Dont banked queens take a while longer to start laying again?

And are you ever up near bay city or saginaw anytime?


----------



## dbest (Aug 9, 2005)

I know they take less than a week to lay, Once I introduce one I wait about a week to check on her. I should be passing through standish on my way up to Harrisville sometime next week.


----------



## JordanM (Jun 6, 2008)

That sounds pretty good, how long have the queens been banked?

And how much are you selling them for?

And what kinds of queens do you have?


----------



## dbest (Aug 9, 2005)

They've been banked since the last week of August. I'd let them go for $12. They're my own stock. I choose my breeder queens by marking strong hives though out the year and just grafting from them.


----------



## JordanM (Jun 6, 2008)

Sounds good, if i see no eggs this week ill get back with you this weekened and work a time out for you to swing by.

Thanks


----------



## dbest (Aug 9, 2005)

I'll have to meet you somewhere. It's a little difficult to swing by with a semi truck.


----------



## JordanM (Jun 6, 2008)

Ok, i understand. I dont live that far from town, and i could be up there in 5 minutes, but you could park in our front yard and we live right next Outdoor Adventures if you know where that is. First road right when you get off the exit ramp into standish and a right on the next road after that.


If there is a bad queen and (i am not good at finding them) could you possibly come here and show me how to do it and check out my hive. I have never did this befour and am just starting out with my first hive, i had one die earlier due to a drone layer but i understand if you are busy that day and just passing through?

Thanks


----------



## JordanM (Jun 6, 2008)

Well i just went out and checked out the bees.

There were about 10 hornets in the top super and there were bees covering about 5 frames in the bottom brood box. So i covered up the screened bottom board and put an entrance reducer on.
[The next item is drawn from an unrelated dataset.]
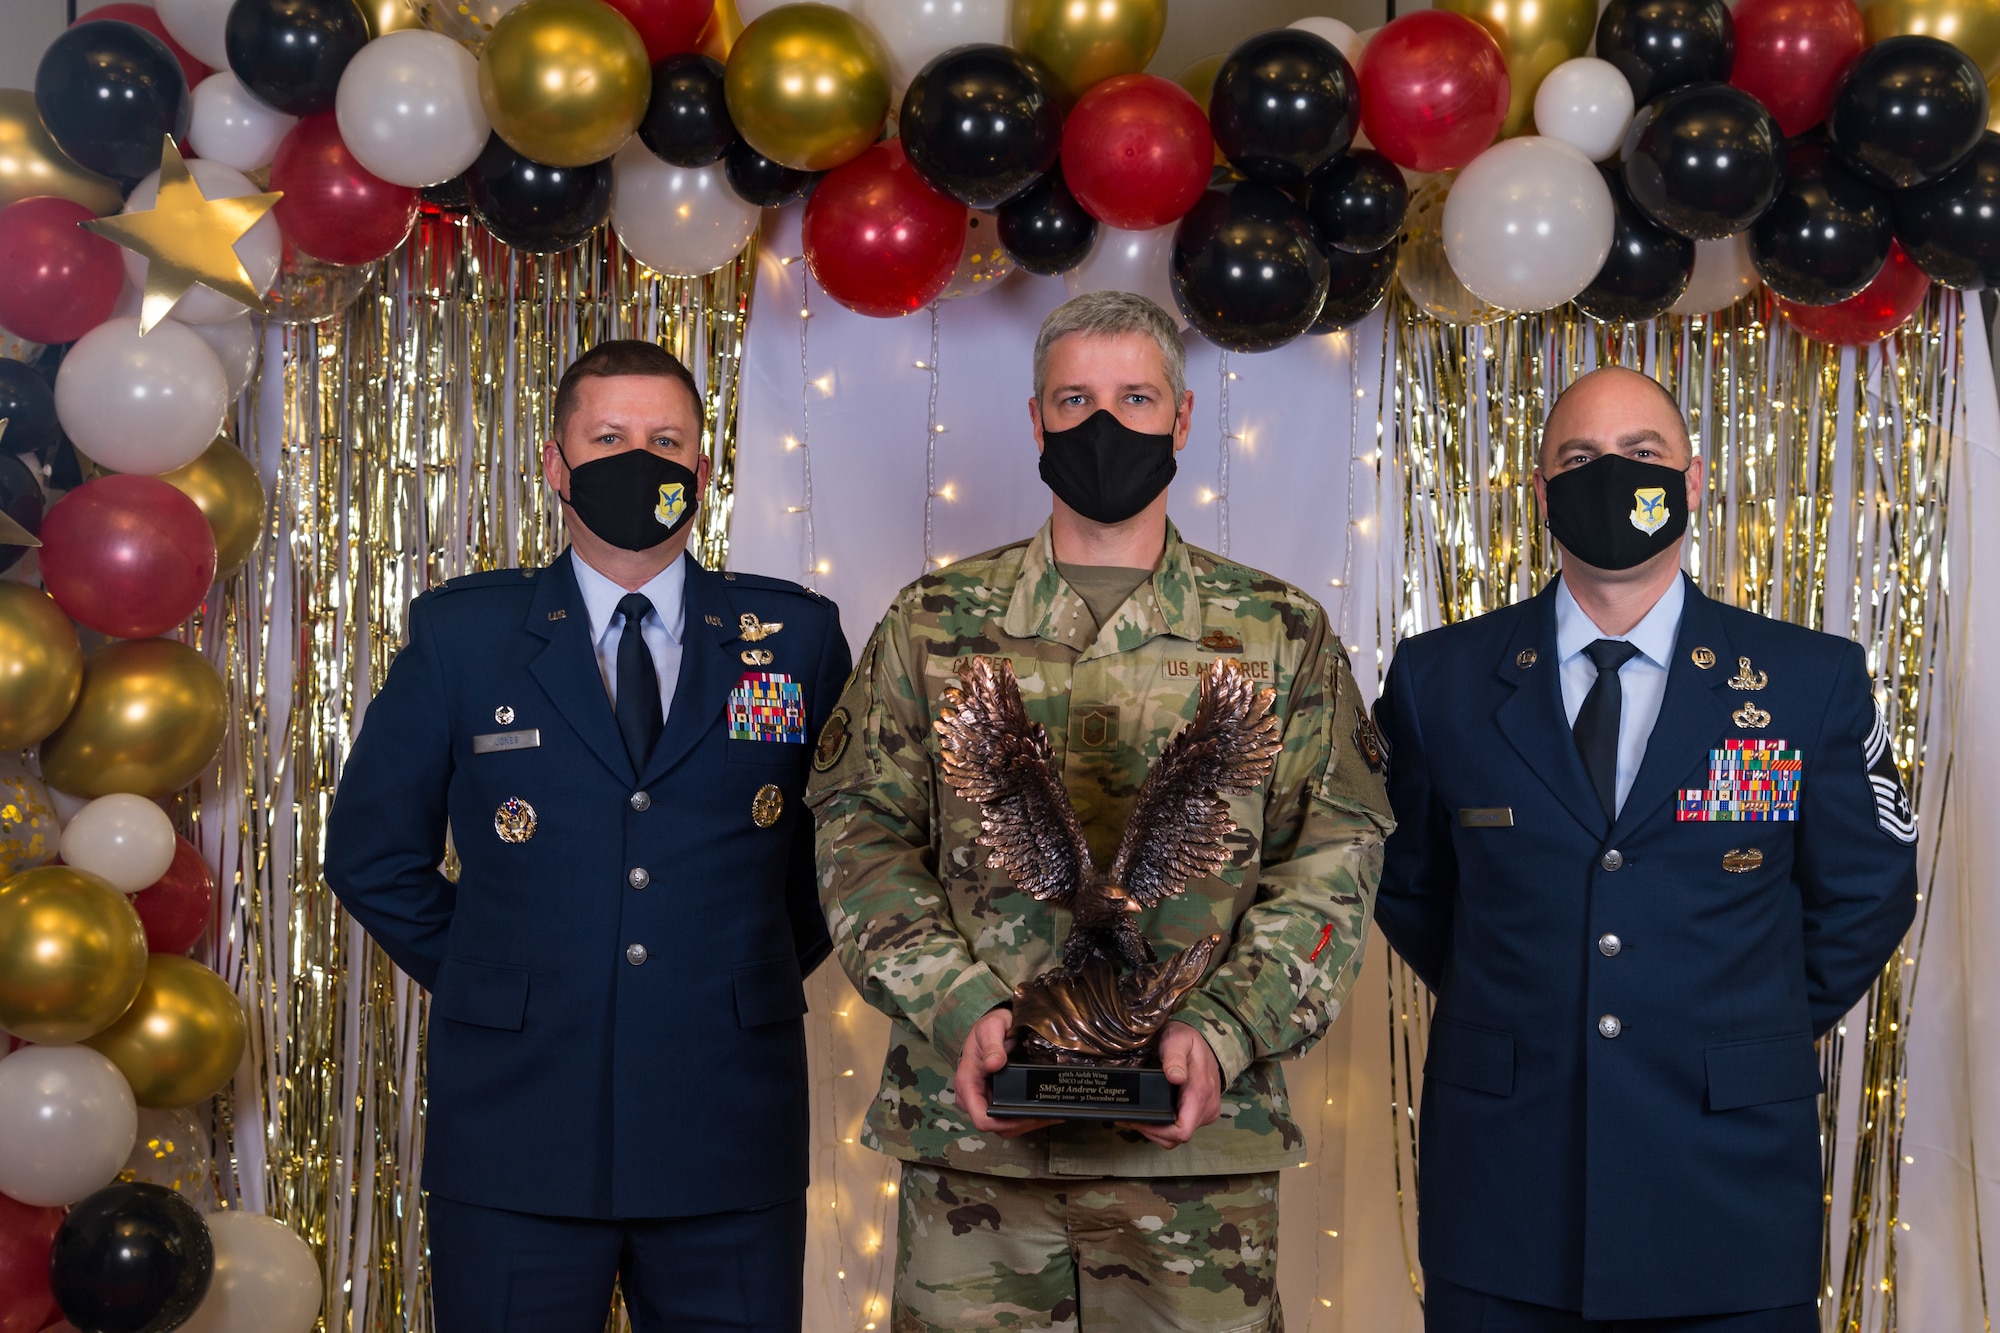 Senior Master Sgt. Andrew Casper, 436th Aircraft Maintenance Squadron, poses for a photo with Col. Matthew Jones, 436th Airlift Wing commander, and Chief Master Sgt. Jeremiah Grisham, 436th AW interim command chief, following the conclusion of the 436th AW 2020 Annual Awards Ceremony at Dover Air Force Base, Delaware, Jan. 28, 2021. Casper was named the wing's senior noncommissioned officer of the year and received an eagle trophy. (U.S. Air Force photo by Roland Balik)

What do you think? Could you come by and see if they are even worth requeening or are they doomed. They have 2 supers and 2 brood boxes full of honey and theh bottom brood box is where the 5 frmae sof bees are.


----------



## dbest (Aug 9, 2005)

Well they're really shouldn't be any eggs. Most of the queens will have stopped laying. If they are covering 5 frames that sounds ok. I don't normally get worried but then again I don't over winter any hives. I can't really get off the road and I'll be in a moderate hurry. Me and my crew are headed up to Alpena tomorrow. We'll be in a ten wheeler pulling a bobcat and a semi truck w/a 53' reefer.


----------



## JordanM (Jun 6, 2008)

I guess ill just see how it goes then.

If they die ill just take all the honey next year.


----------